**TASK DESCRIPTION**
What you return must match the listing exactly, with every image removed.

**DATASET CONTENT**
--- --- ---
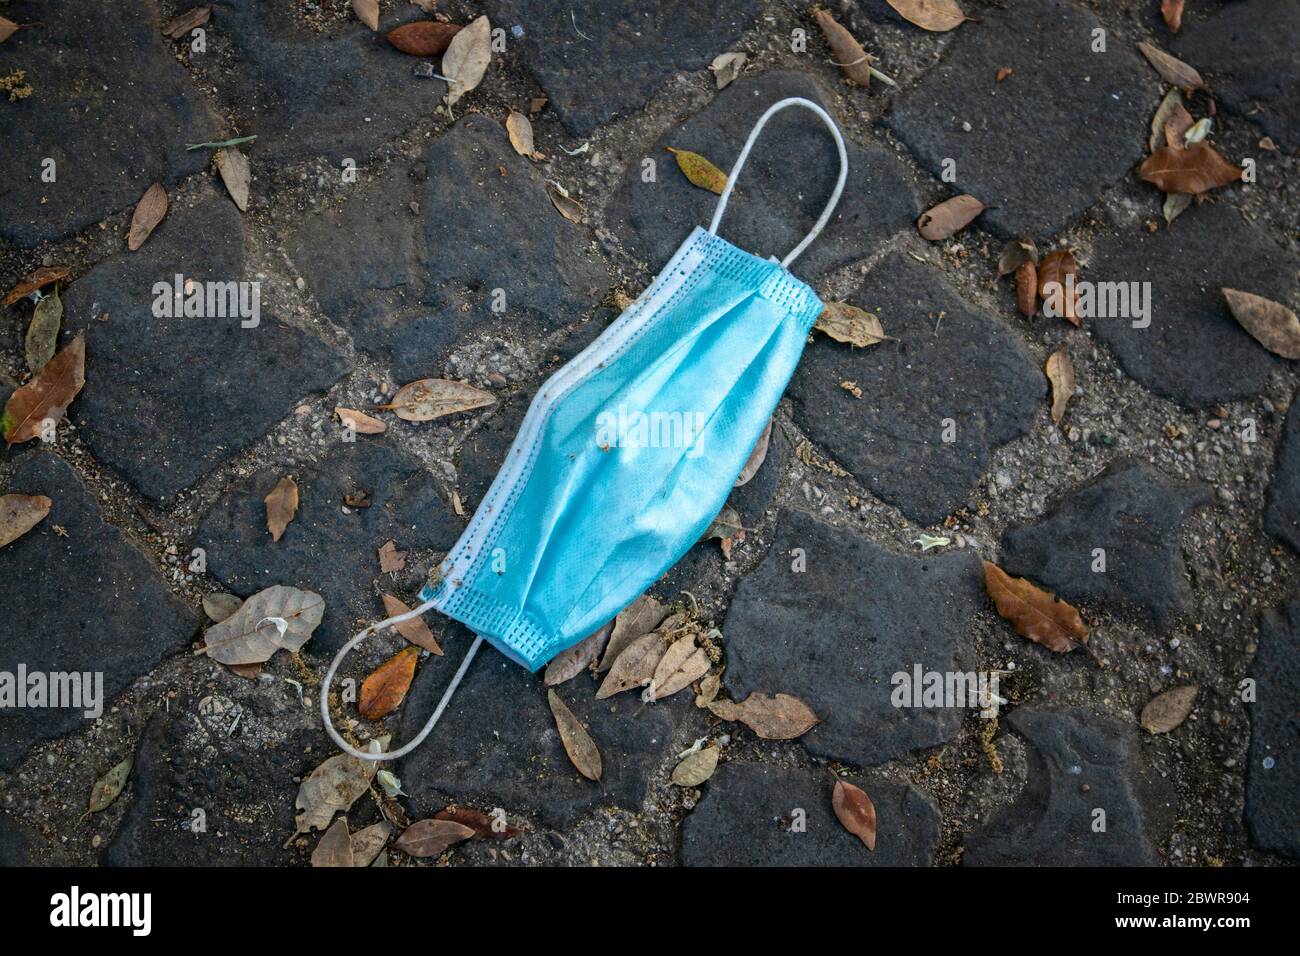 A protective mask abandoned on the road, on the ground. Symbol of the end of the restrictions for the coronavirus pandemic. Stock Photo
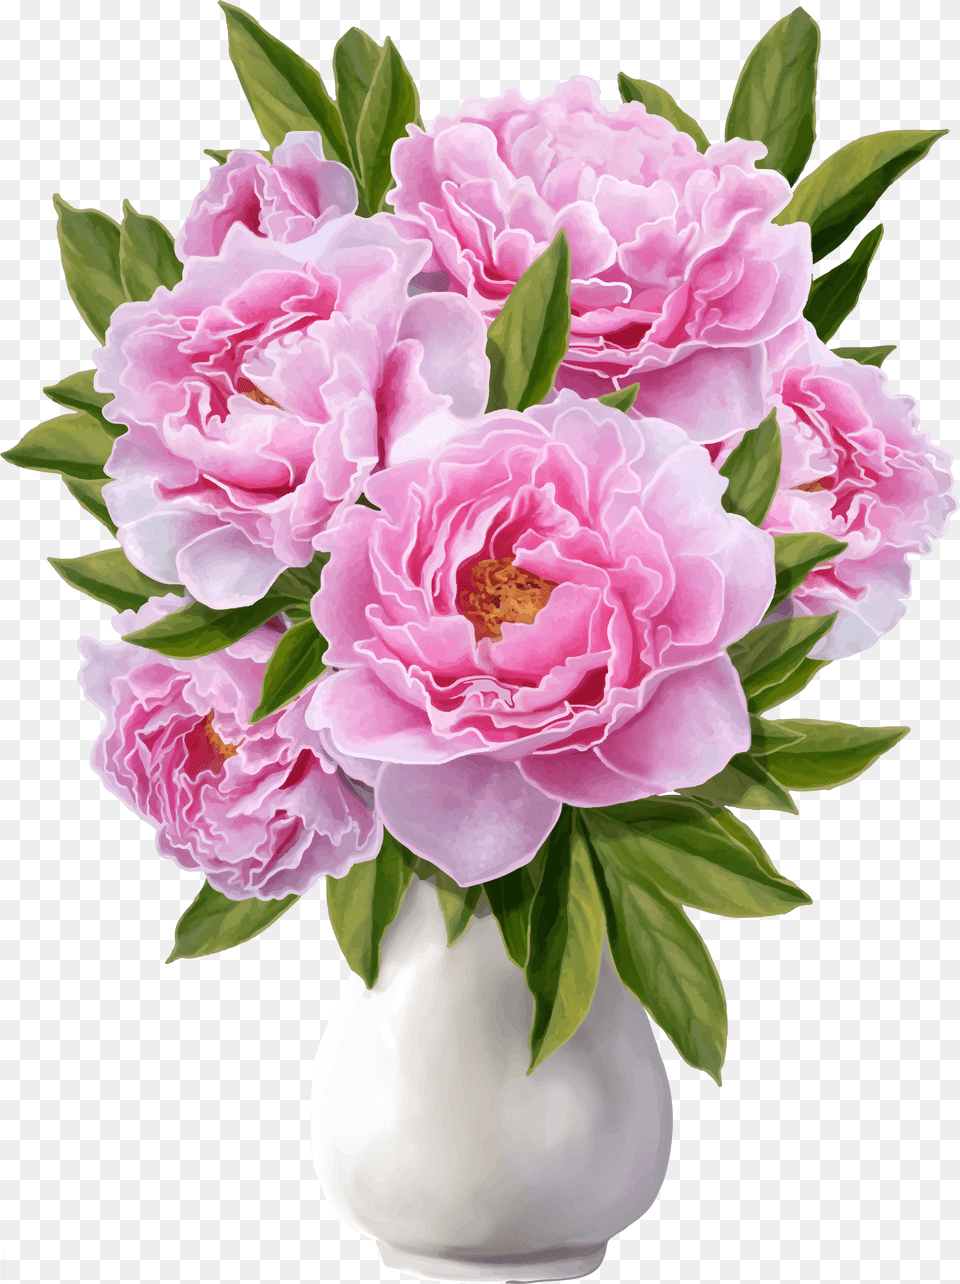 Of Peonies Banner Transparent Stock Vase With Flowers Transparent, Flower, Flower Arrangement, Flower Bouquet, Plant Png Image
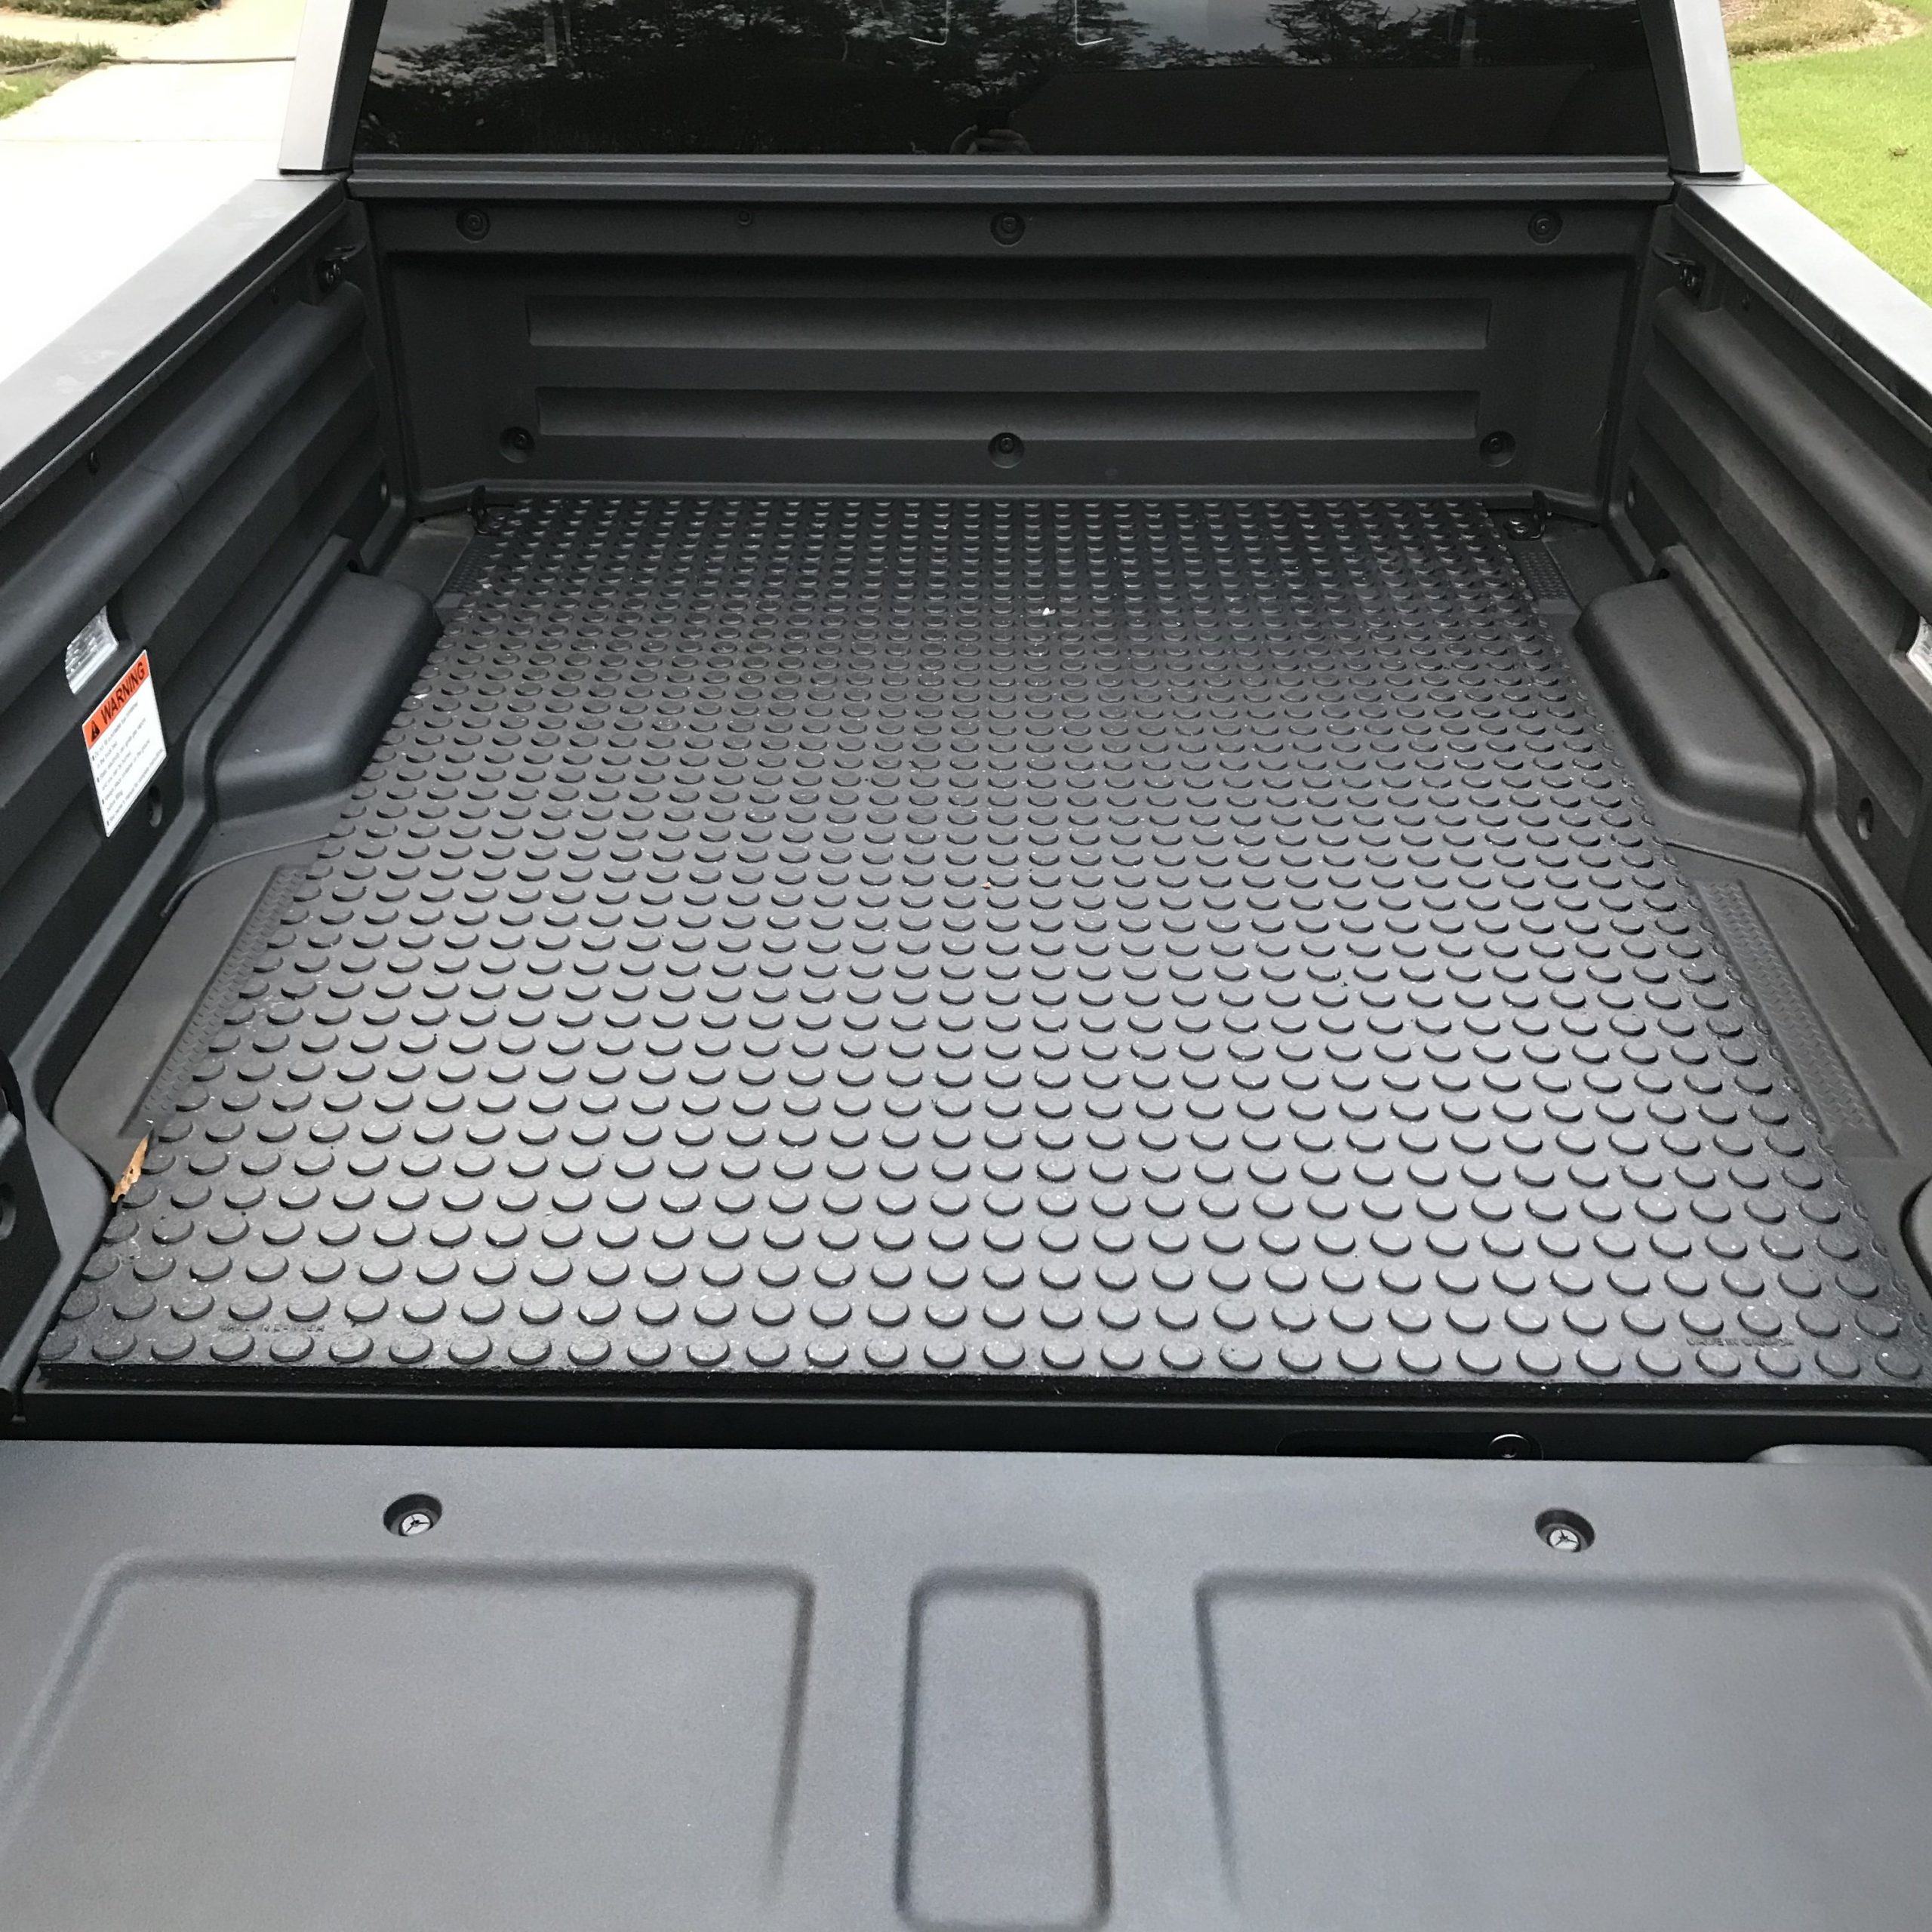 Used Bed Liner For Honda
--- --- ---
**SOLVED EXERCISE**
 A protective mask abandoned on the road, on the ground. Symbol of the end of the restrictions for the coronavirus pandemic. Stock Photo
 Of Peonies Banner Transparent Stock Vase With Flowers Transparent, Flower, Flower Arrangement, Flower Bouquet, Plant Png Image
 Used Bed Liner For Honda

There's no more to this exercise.